Survey results are indicative at the level of all four departments surveyed in each country and are not nationally representative. Differences reported between countries refer only to respondents located in these 12 administrative units assessed and are not generalizable or representative of departments or at the aggregate country level. Information on recent migrants themselves was collected by proxy from household respondents, which may affect the accuracy of survey results.



  1. Income and expenditures. A quarter of households reported that they were in a critical or difficult situation regarding levels of household income at the time of data collection. Approximately half of surveyed households were estimated to be living on less than USD 2 per capita, per day.

• Just over half (52%) of all individuals ages 15 and older identified in the sample were reported to have worked to earn an income in the 30 days prior to data collection, with considerable variation by sex – 73 per cent for males compared to 29 per cent for females ages 15 and older.

• Twelve per cent (12%) of households reported that they were experiencing a “critical deficiency” of household income (that is, not being able to meet even the most basic needs), while 32 per cent reported that they were facing a “very difficult situation” in terms of levels of household income at the time of data collection. Around 48 per cent of households reported that they were “surviving” on current income, and just 16 per cent reported feeling that they could live comfortably with their levels of income at the time of data collection.

• Median monthly expenditures were considerably low among the surveyed population in all three countries. Estimated median monthly per capita expenditures amounted to just USD 60, while median monthly household expenditures were estimated at USD 230. Median household expenditures were well below basic food baskets in both Guatemala and Honduras.

  1. Food insecurity. It was calculated that approximately one in ten (9%) surveyed households were food insecure at the time of data collection.

• By country, the prevalence of food insecurity was 12 per cent among surveyed households in Guatemala, nine per cent in Honduras and five per cent in El Salvador.

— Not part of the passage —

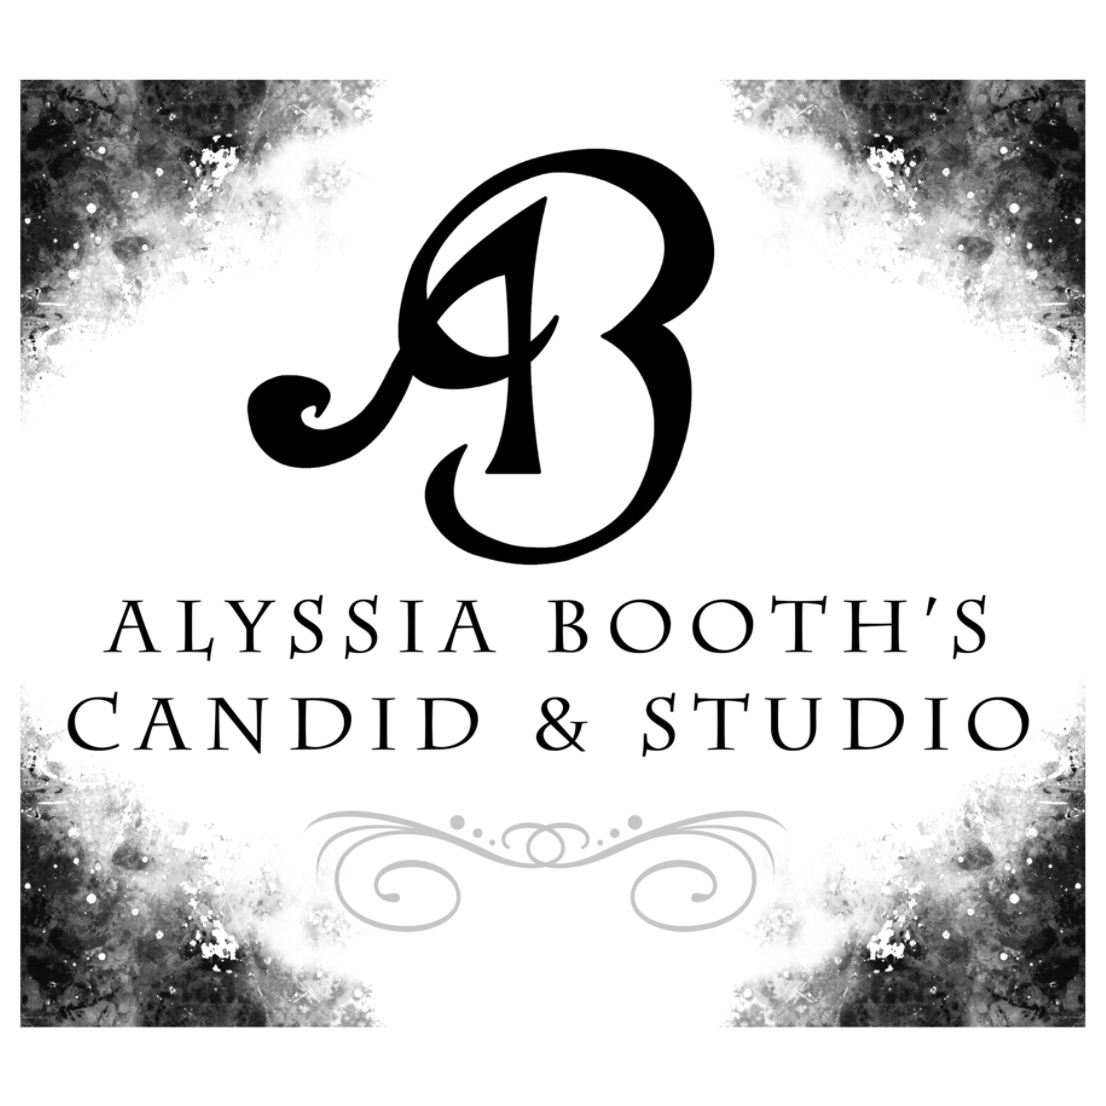 Alyssia Booth's Candid & Studio

• There were also signs of deficient quality in food consumption, with a notable lack in dietary diversity across many surveyed households.

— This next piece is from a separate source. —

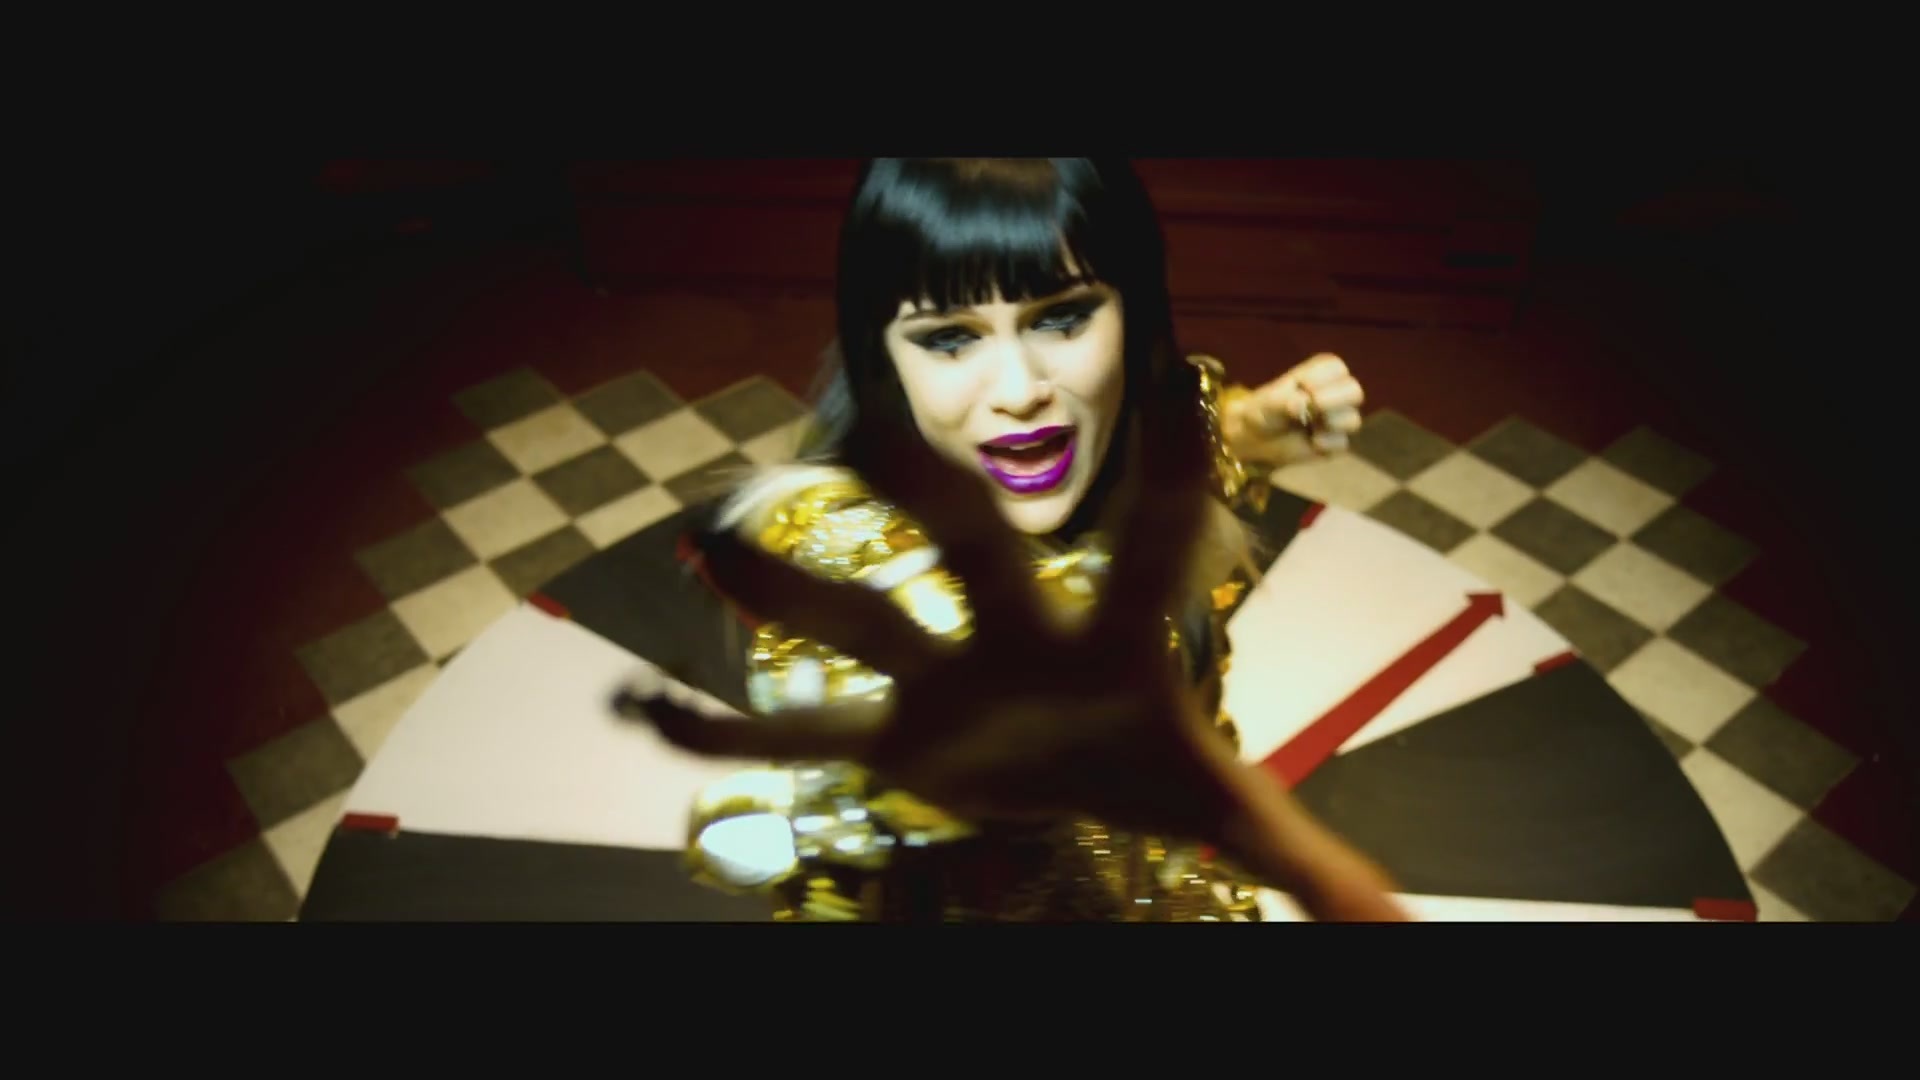 Nobody's Perfect [Music Video] - Jessie J Image (21700052) - Fanpop

• More than half of households (52%) reported buying cheap food or less preferred food as a coping strategy, followed by a reduction in meal proportions (32%) and borrowing food/ purchasing food on credit (31%) in the 30 days prior to data collection.

  1. COVID-19 pandemic. A large proportion of surveyed households (67%) reported that their household income decreased as a consequence of COVID-19.

• Approximately one-third (34%) of households reported that at least one household member had lost their employment or business during the COVID-19 pandemic, with the highest percentage seen among surveyed households in Guatemala (39%).

• Approximately one-third (32%) of all surveyed households reported perceiving that the living standards in their place of residence had worsened due to the COVID-19 pandemic.

  1. Social assistance. During the pandemic, 48 per cent of the surveyed households reported having received some form of support from the government and/or other institutions.

• In El Salvador, more than nine out of ten surveyed households (92.4%) reported having received support from a governmental programme in the six months prior to data collection. Of those surveyed households reporting that they had received governmental support in this period, 95 per cent reported that they had received in-kind food items.

• In Honduras, 16 per cent of surveyed households reported having received any support from a governmental programme in the six months prior to data collection, while in Guatemala 36 per cent of surveyed households reported having received support from the government in this period, mainly in the form of cash assistance.